I make a laundry soap and have never had problems in the past. Out of a large batch I made recently and put in plastic jars, two of the laundry soaps have discolored---orange and yellow spots some about pin head size, some large. I am guessing it is some type of fungus growth but it did not happen on the other soap I made at the same time--same batch just put in different jars. My soap is made just with the goat milk bar soap I make, borax, washing soda and water. Do you know what caused this? If I add something like Germall plus next time I make it from majestic sage would that prevent it happening the next time I make the laundry soap? Any suggestions to prevent this? :help :help :help
Christine


----------



## nightskyfarm (Sep 7, 2009)

Did you use scented bar soap? I make this weekly and have never had a problem. Sounds like there was something left over in the jars or a bar soap issue and not a process issue.

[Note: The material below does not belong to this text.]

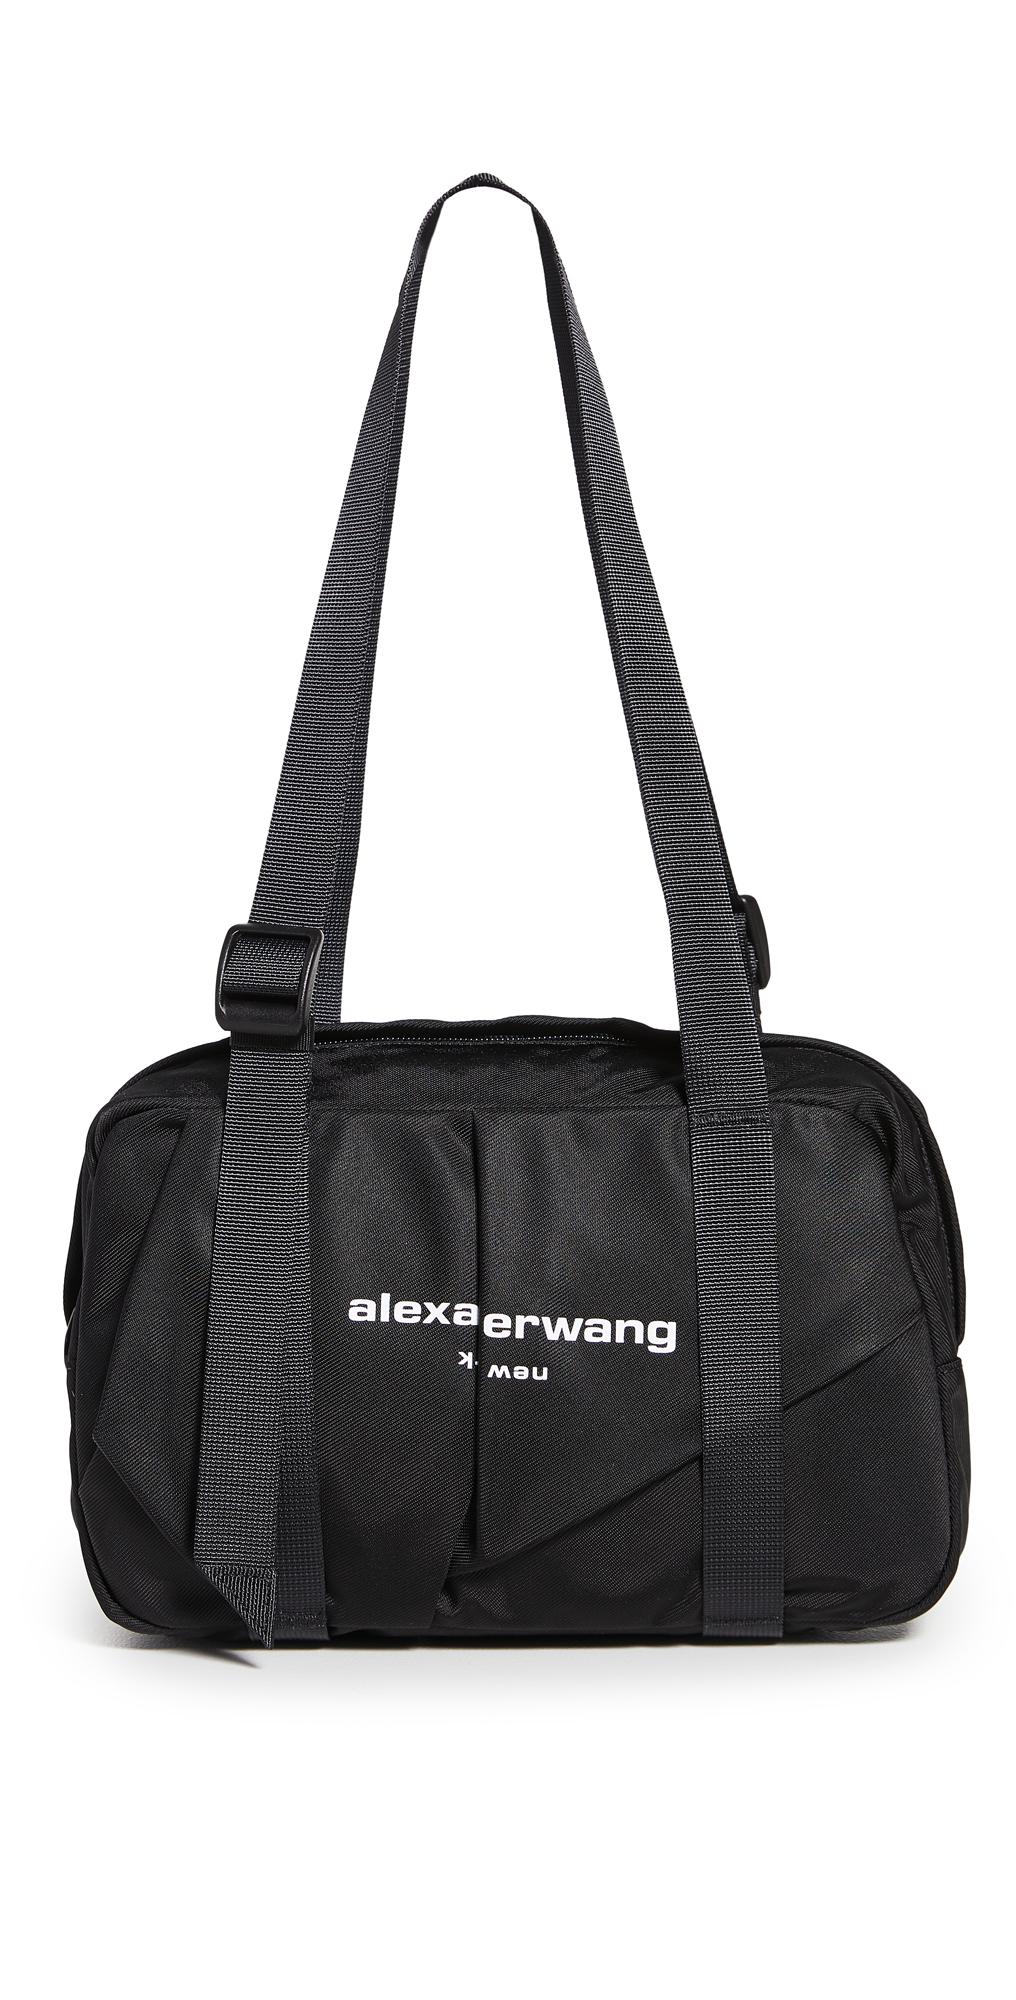 Alexander Wang Wangsport Medium Duffle
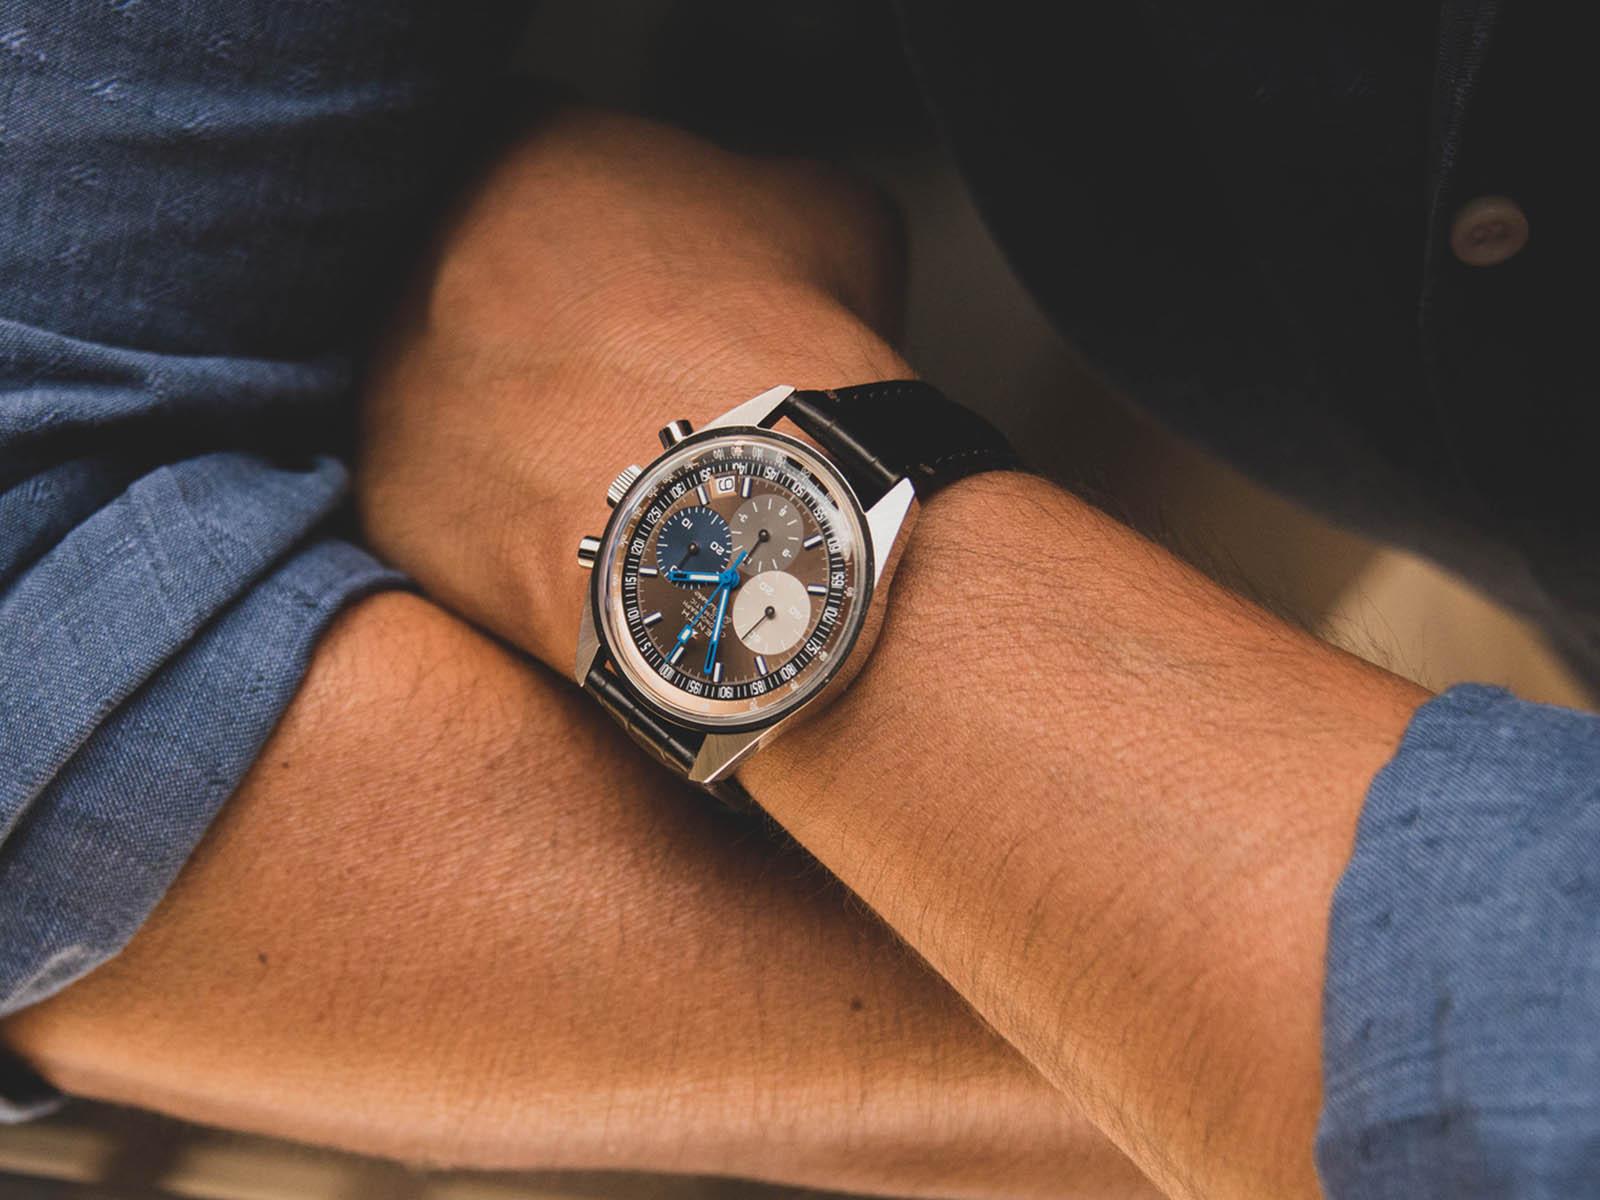 03-f386-400-70-c807-zenith-el-primero-a386-revival-fine-watch-club-edition-3.jpg

I would not want to add Germall Plus. This soap is so inexpensive to make, just dump it and start again with another bar of soap, maybe from a different batch.


----------



## Guest (May 15, 2010)

Christine, this can also be caused from the fat in the soap.. we almost always superfat our soaps so that they are moisturizing on our skin... Now you laundry soap does not need this, to combat this add a few extra oz of lye to a large batch and make it lye heavy... it will get your clothes cleaner and no orange spots...
Barb


----------



## goat girl (Dec 11, 2007)

it was unscented soap, but Barb's comment on it being superfatted makes sense--but I didn't think I superfatted my soap. But if I add an extra ounce or two of lye, and I touch the laundry soap with my hands, won't it burn---I make about 7 gallons at a time--how much extra lye are you talking about? I am thinking about when I have accidently gotten lye on my skin--ouch! Was wondering also since I put banana in my bar soap --in the beginning with the goatmilk and lye that then I add to my oil---could this have something to do with it?---but I never have had my bar soap go moldy--but maybe the water added to make laundry soap has something to do with it? What do you think?


----------



## Guest (May 15, 2010)

No it won't burn your hands.. it will make your skin rough like dipping in bleach... it just takes all the superfat oout and if its goat milk soap the fat in the milk contibutes to the superfat... Mix your lye with water first when making your laundry soap, it mixes in easier... I use about 2 oz in a five gallon pail..
Barb


----------



## goat girl (Dec 11, 2007)

Thanks so much! :biggrin That's an easy fix!
Christine


----------



## hsmomof4 (Oct 31, 2008)

If you run your recipe through the lye calculator, you can set the superfat to 0%...see how much different that is from how much lye that you are currently using.


----------